A new bid to safeguard Mississippi River amid growing environmental concerns
By Madeline Heim, Milwaukee Journal Sentinel
A proposal to create a federal funding program to protect the Mississippi River is back in front of Congress.
Democratic Sen. Tammy Baldwin of Wisconsin announced Wednesday that she plans to introduce the Mississippi River Restoration and Resilience Initiative in the Senate. Democratic Rep. Betty McCollum of Minnesota will bring the same bill forward in the House.
The proposal is nearly the same as one introduced by McCollum in 2021. It’s modeled after programs that protect other major bodies of waters across the U.S., like the Great Lakes Restoration Initiative and the Chesapeake Bay Program.

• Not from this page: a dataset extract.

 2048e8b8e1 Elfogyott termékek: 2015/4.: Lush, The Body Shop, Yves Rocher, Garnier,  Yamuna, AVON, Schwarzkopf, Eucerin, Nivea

Advocates for the Mississippi River argue that the river is long overdue to have its own such program. Millions of Americans rely on it for drinking water, commerce and recreation, and its floodplains provide food and habitat for hundreds of fish and wildlife species. But it’s facing a multitude of challenges, from extreme weather to habitat loss to persistent agricultural and industrial pollution. That pollution contributes to the dead zone in the Gulf of Mexico, which last year was almost as big as Yellowstone Park.

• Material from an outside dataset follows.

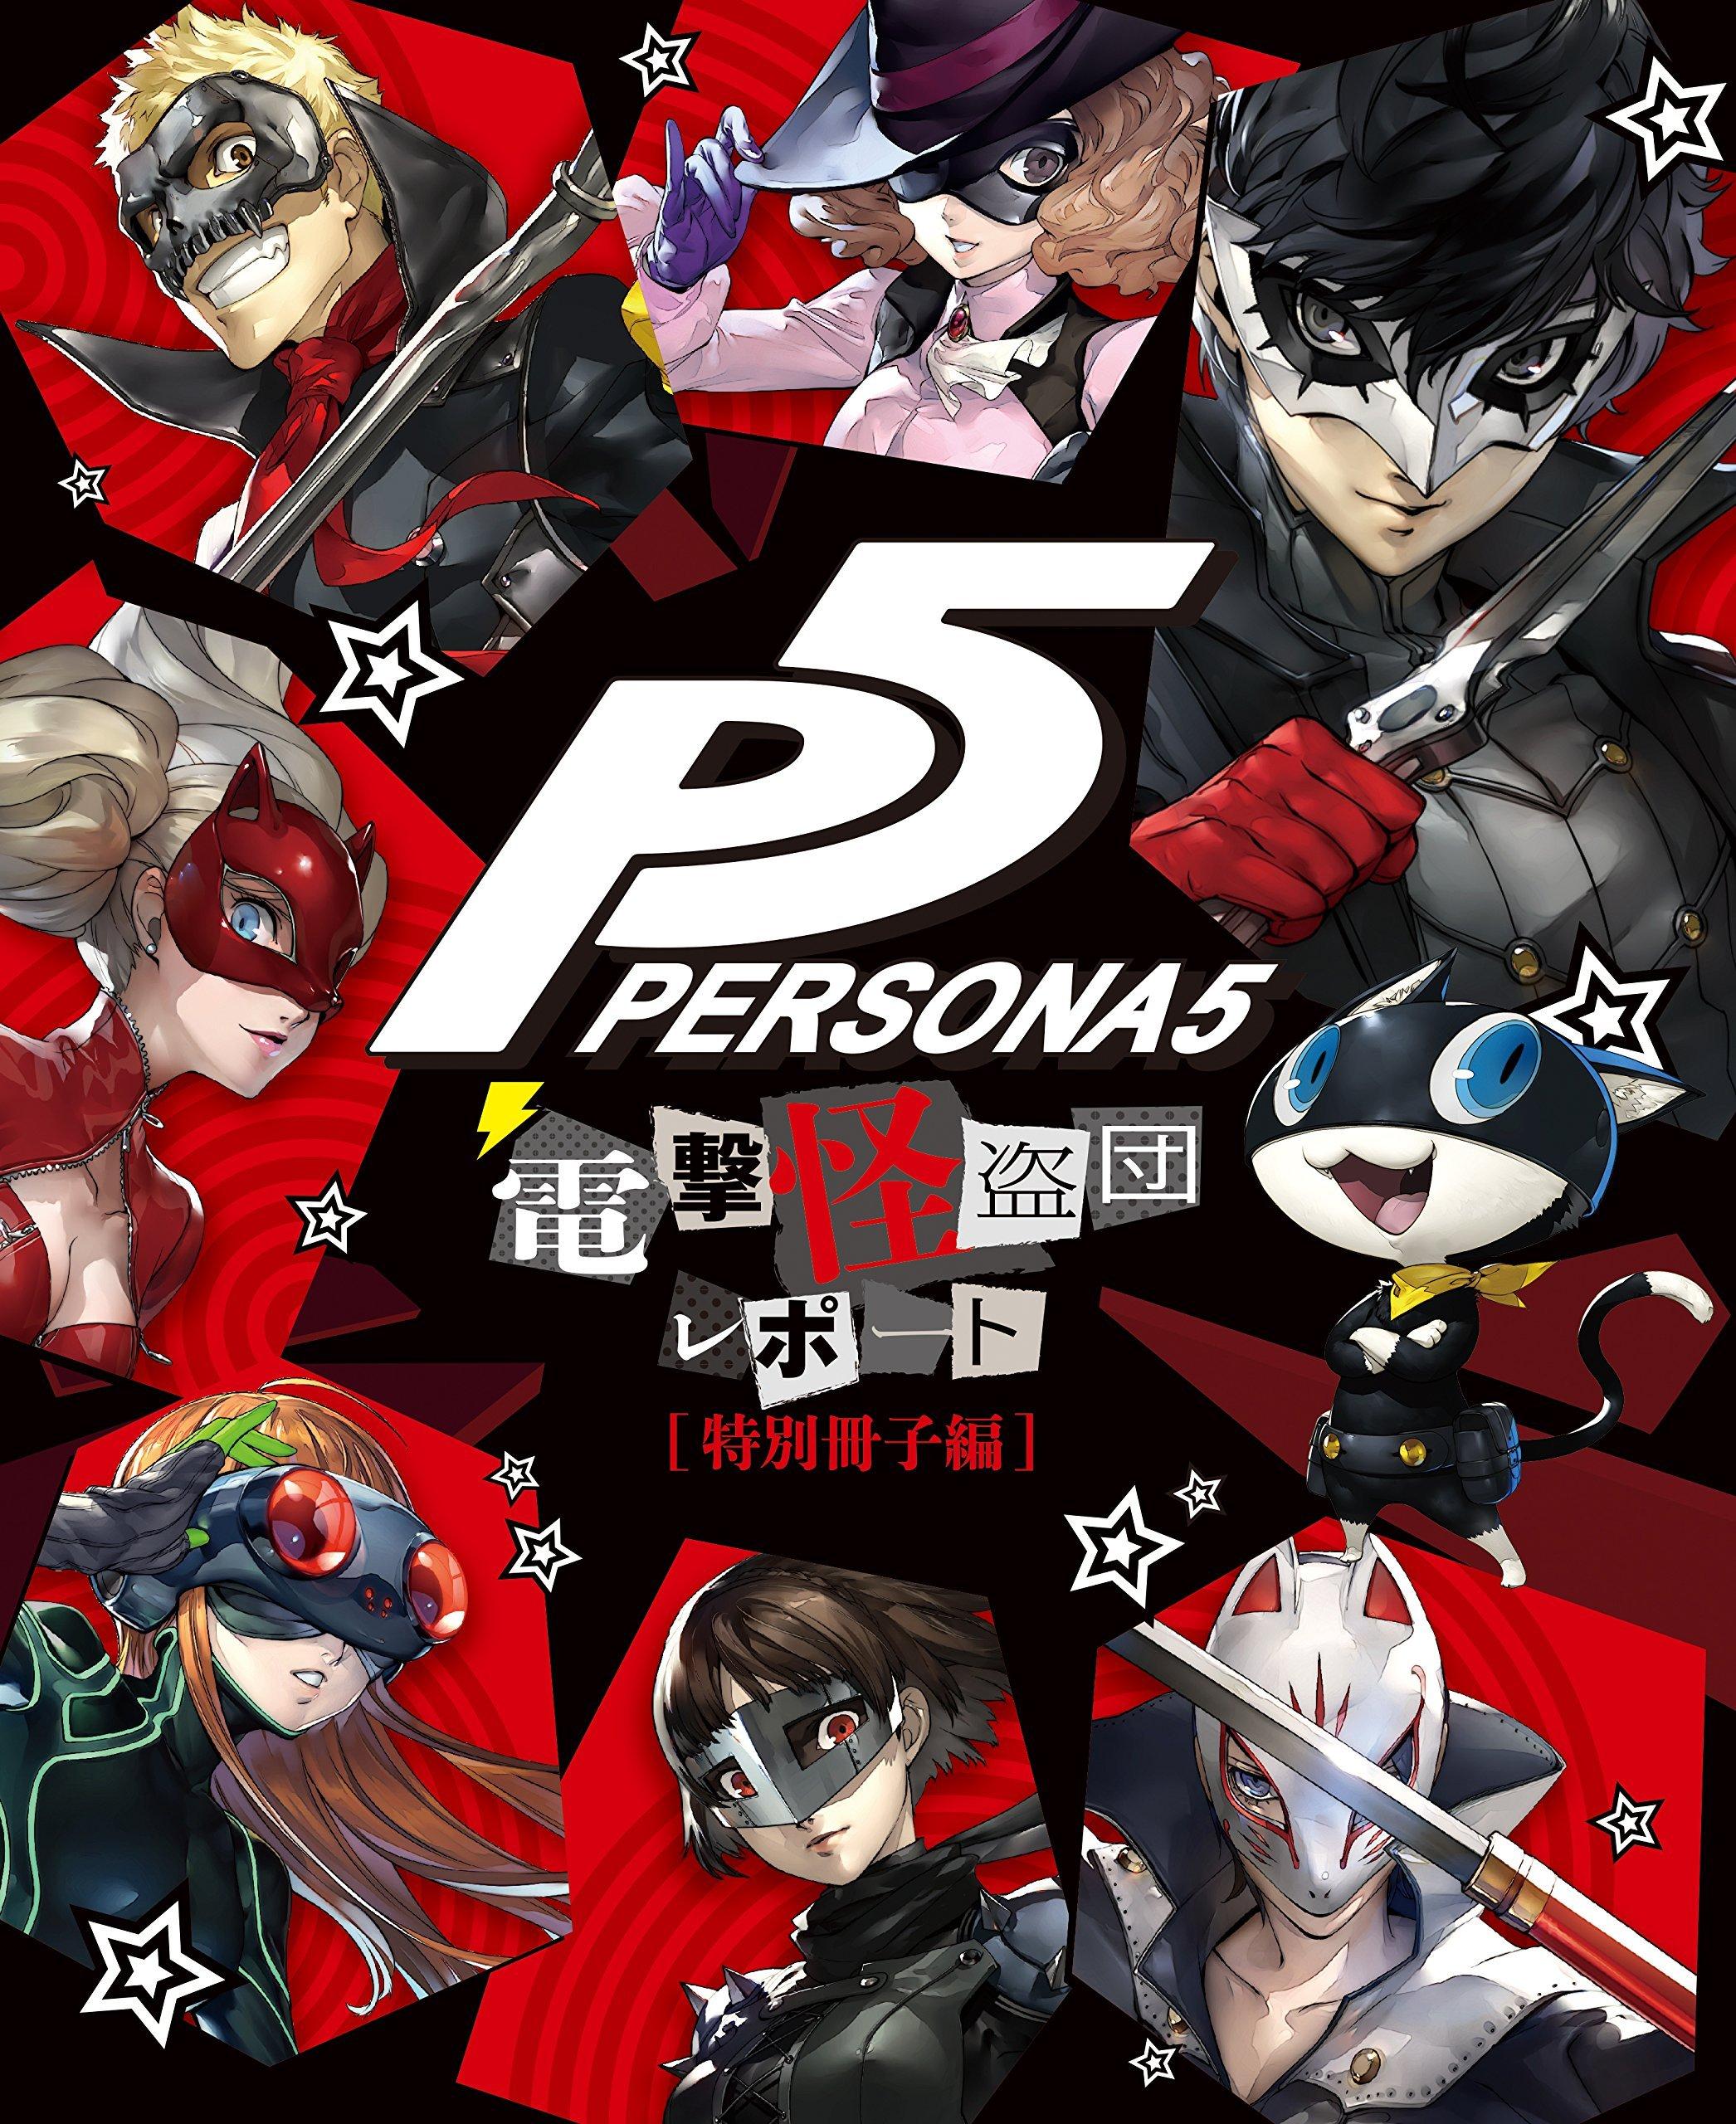 Persona 5 - Dengeki Kaitoudan Report (Vol.623 supplement) (October 13, 2016)

Even in the past few years, the river has experienced the impacts of a changing climate, said Kelly McGinnis, executive director of the Mississippi River Network. Last spring, communities along the upper river saw near-record floodwaters, bookended by severe droughts that slowed shipping traffic to a crawl.
“If anything, since (this legislation) was first introduced, the conditions of the world we live in just keep showing us that there is an urgent need to address these problems, and they’re not solving themselves,” McGinnis said.